2956 Yeomans

Discovery
- Discovered by: E. Bowell
- Discovery site: Anderson Mesa Stn.
- Discovery date: 28 April 1982

Designations
- Named after: Donald Keith Yeomans (American astronomer)
- Alternative designations: 1982 HN_{1} · 1950 JG 1974 RN_{1} · 1977 DL_{10}
- Minor planet category: main-belt · (middle)

Orbital characteristics
- Epoch 4 September 2017 (JD 2458000.5)
- Uncertainty parameter 0
- Observation arc: 42.45 yr (15,504 days)
- Aphelion: 3.0155 AU
- Perihelion: 2.5142 AU
- Semi-major axis: 2.7648 AU
- Eccentricity: 0.0907
- Orbital period (sidereal): 4.60 yr (1,679 days)
- Mean anomaly: 229.98°
- Mean motion: 0° 12^{m} 51.84^{s} / day
- Inclination: 2.8688°
- Longitude of ascending node: 112.21°
- Argument of perihelion: 124.34°

Physical characteristics
- Dimensions: 9.350±0.183 km 11.30 km (derived)
- Synodic rotation period: 3.4±0.1 h 3.509±0.0158 h
- Geometric albedo: 0.20 (assumed) 0.292±0.014
- Spectral type: SMASS = Sr · S
- Absolute magnitude (H): 12.1 · 12.3 · 12.39±0.07 · 12.878±0.003 (S)

= 2956 Yeomans =

Stony asteroid from the central regions of the asteroid belt

2956 Yeomans, provisional designation , is a stony asteroid from the central regions of the asteroid belt, approximately 10 kilometers in diameter. It was discovered on 28 April 1982, by astronomer Edward Bowell at the Anderson Mesa Station of the Lowell Observatory in near Flagstaff, Arizona. It was named after American astronomer Donald Keith Yeomans.

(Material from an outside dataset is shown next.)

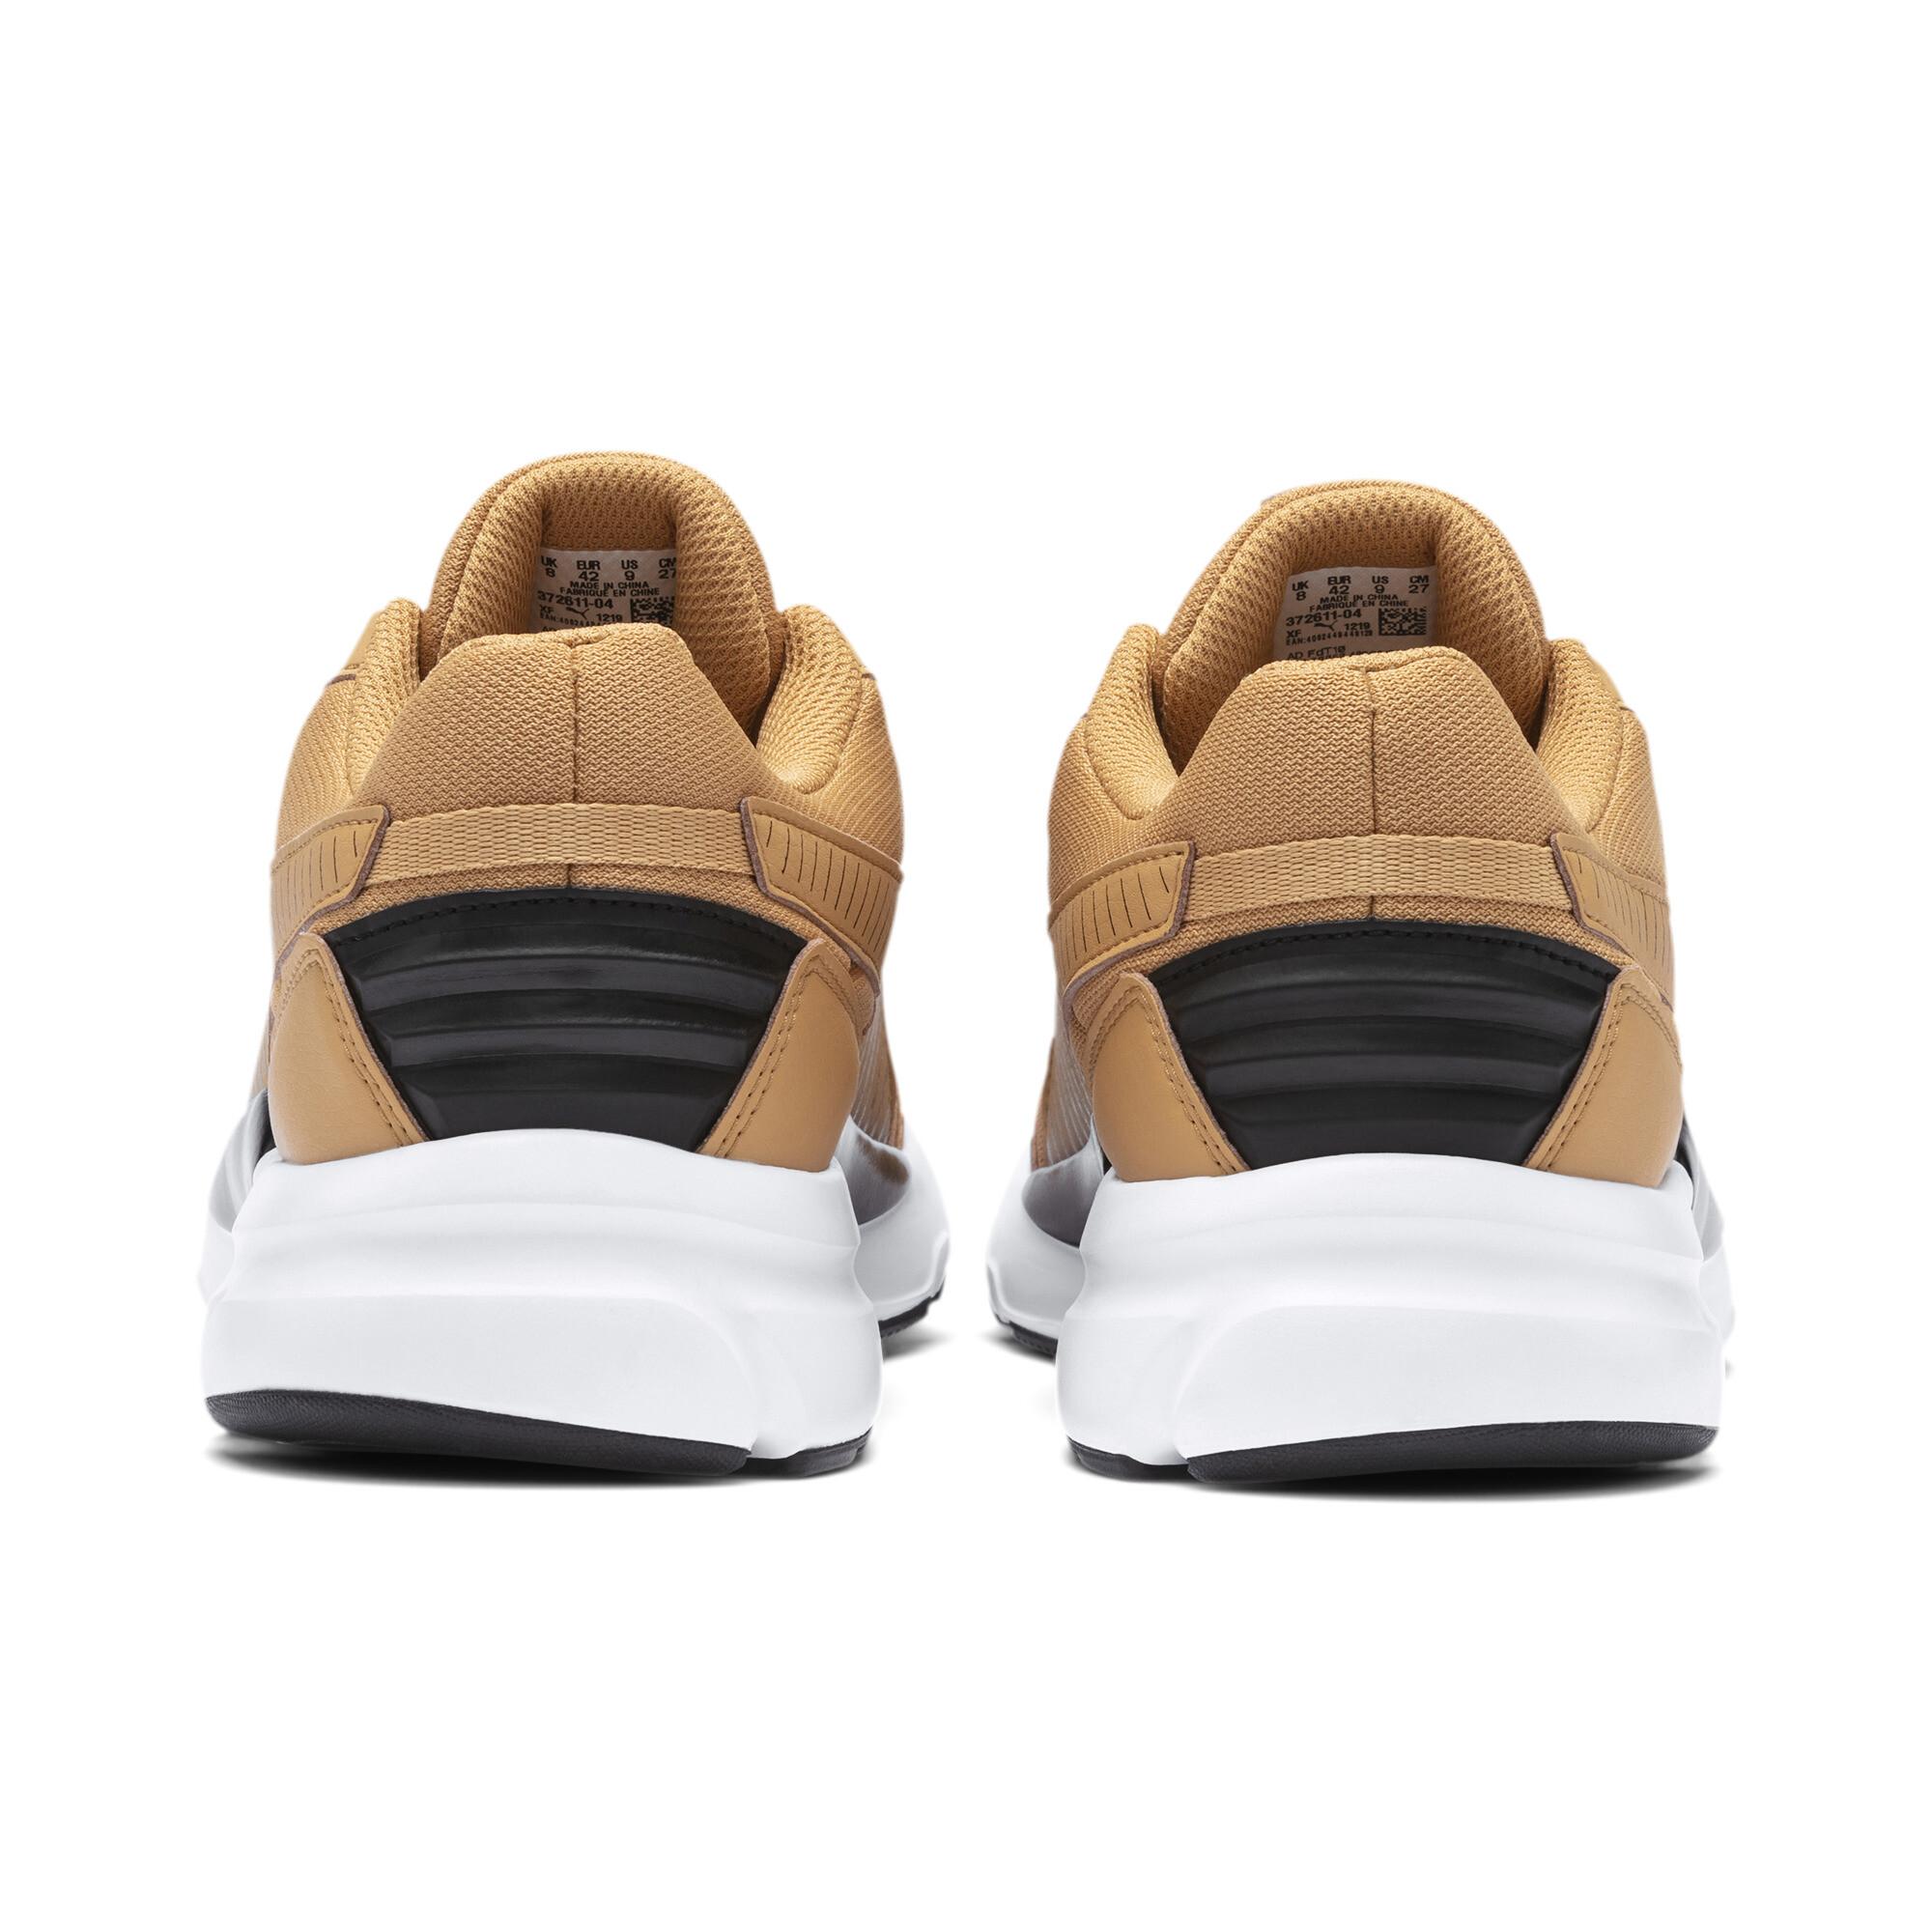 PUMA-Future-Runner-SL-Sneaker-Unisex-Schuhe-Basics-Neu Indexbild 7

== Orbit and classification ==

Yeomans is a non-family asteroid from the asteroid belt's background population. It orbits the Sun in the central main-belt at a distance of 2.5–3.0 AU once every 4 years and 7 months (1,679 days). Its orbit has an eccentricity of 0.09 and an inclination of 3° with respect to the ecliptic.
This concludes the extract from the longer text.